Let $X_1, \dots, X_B$ be the corresponding random variables, and let $$\bar{X}_B = \dfrac{1}{B}\sum_{i=1}^{B}X_i$$ be their average.
Then
$$\text{Var}(\bar{X}_B) = \dfrac{1}{B^2}\text{Var}\left(\sum_{i=1}^{B}X_i\right) = \dfrac{1}{B^2}\sum_{i=1}^{B}\sum_{j=1}^{B}\text{Cov}(X_i, X_j)$$ Suppose, in the above summation, that $i = j$. Then $\text{Cov}(X_i, X_j) = \sigma^2$. Exactly $B$ of these occur.
Suppose, in the above summation, that $i \neq j$. Then $\text{Cov}(X_i, X_j) = \rho\sigma^2$ since the variances are identical.
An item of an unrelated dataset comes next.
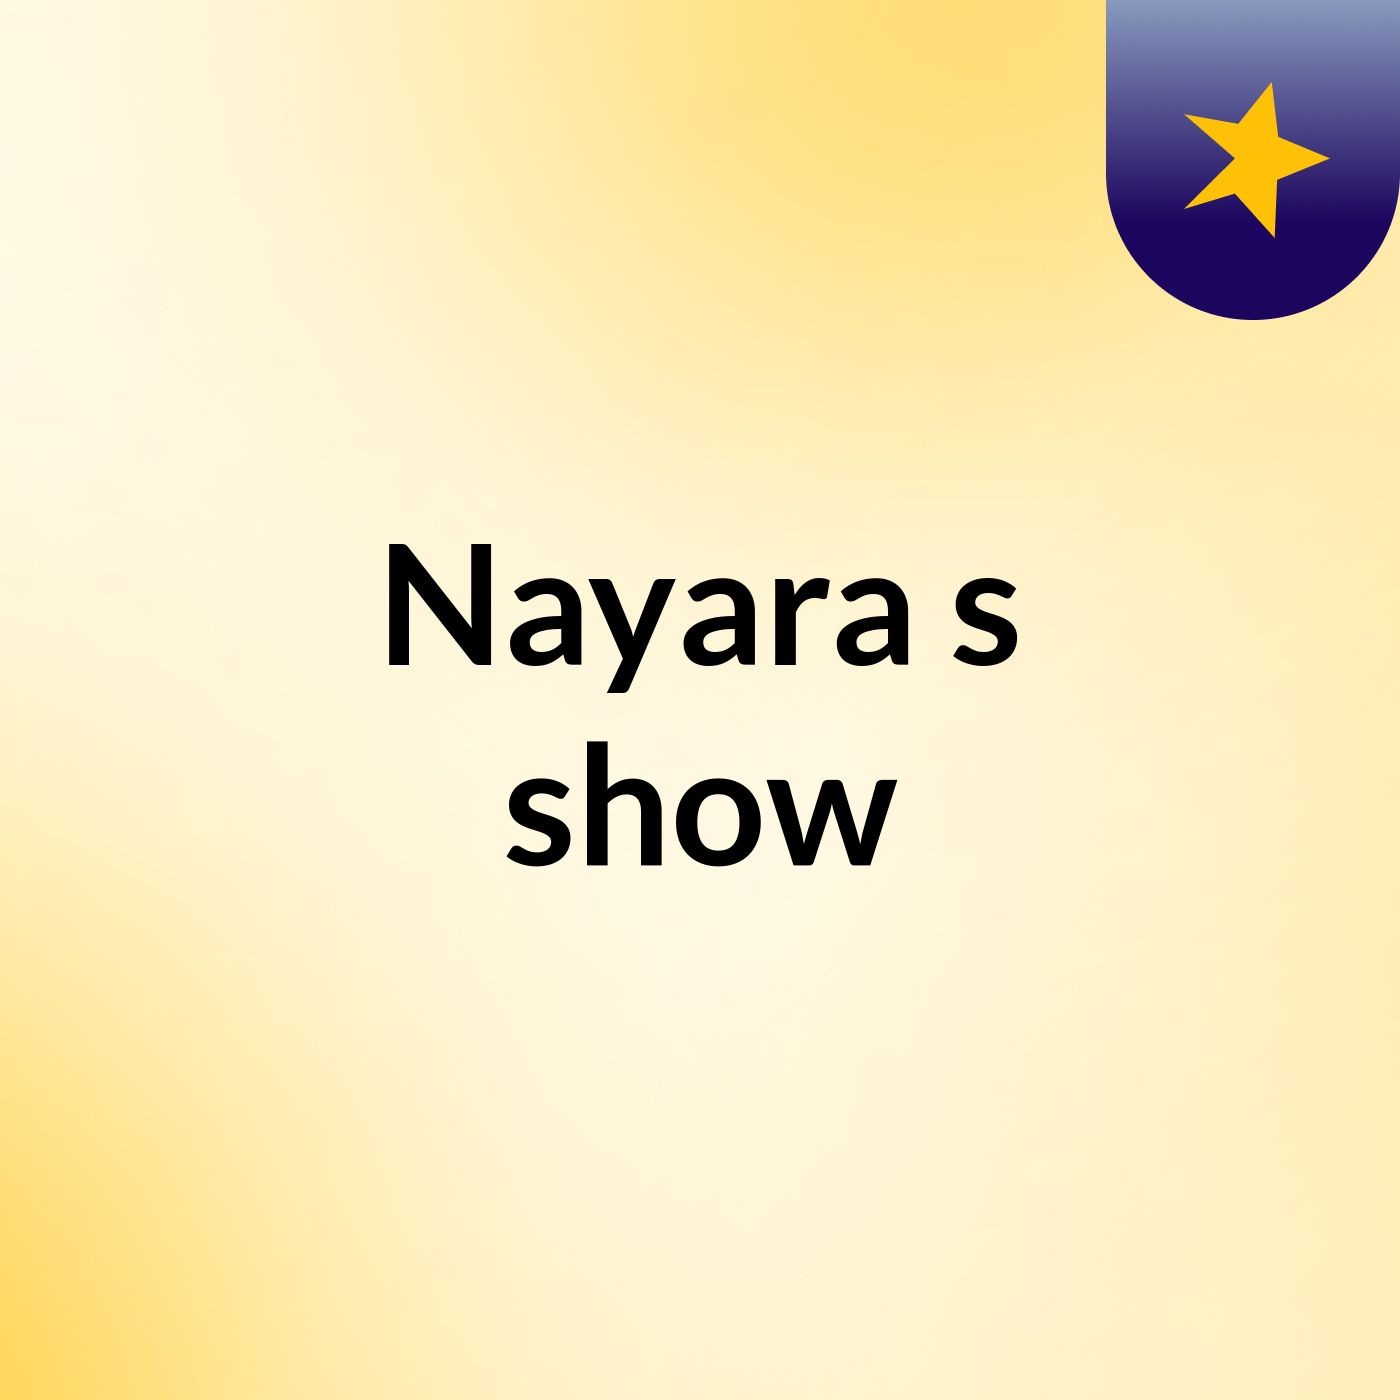 Nayara's show

There are $B^2 - B = B(B-1)$ of these occurrences. (Notice that there are $B * B = B^2$ total terms in the summmation, so $B^2 - B$ is the number of terms that aren't equal to $\sigma^2$, as above.)
Hence, $$\sum_{i=1}^{B}\sum_{j=1}^{B}\text{Cov}(X_i, X_j) = B\sigma^2+B(B-1)\rho\sigma^2$$ from which we obtain $$\text{Var}(\bar{X}_B) = \dfrac{1}{B^2}\left(B\sigma^2+B(B-1)\rho\sigma^2\right) = \dfrac{\sigma^2}{B}+\dfrac{B-1}{B}\rho\sigma^2 = \dfrac{\sigma^2}{B}+\rho\sigma^2-\dfrac{1}{B}\rho\sigma^2$$ or $$\rho\sigma^2 +\dfrac{\sigma^2}{B}(1-\rho)$$ as desired.
As discussed in the comments, nothing in the demonstration of Clarinetist states that the correlation has to be positive. Nevertheless, it cannot be negative otherwise, the covariance matrix would not be semi-positive definite.
You can suspect that an assumption would be incorrect because when B goes to infinity, Var(X¯B) is negative if rho is negative as well.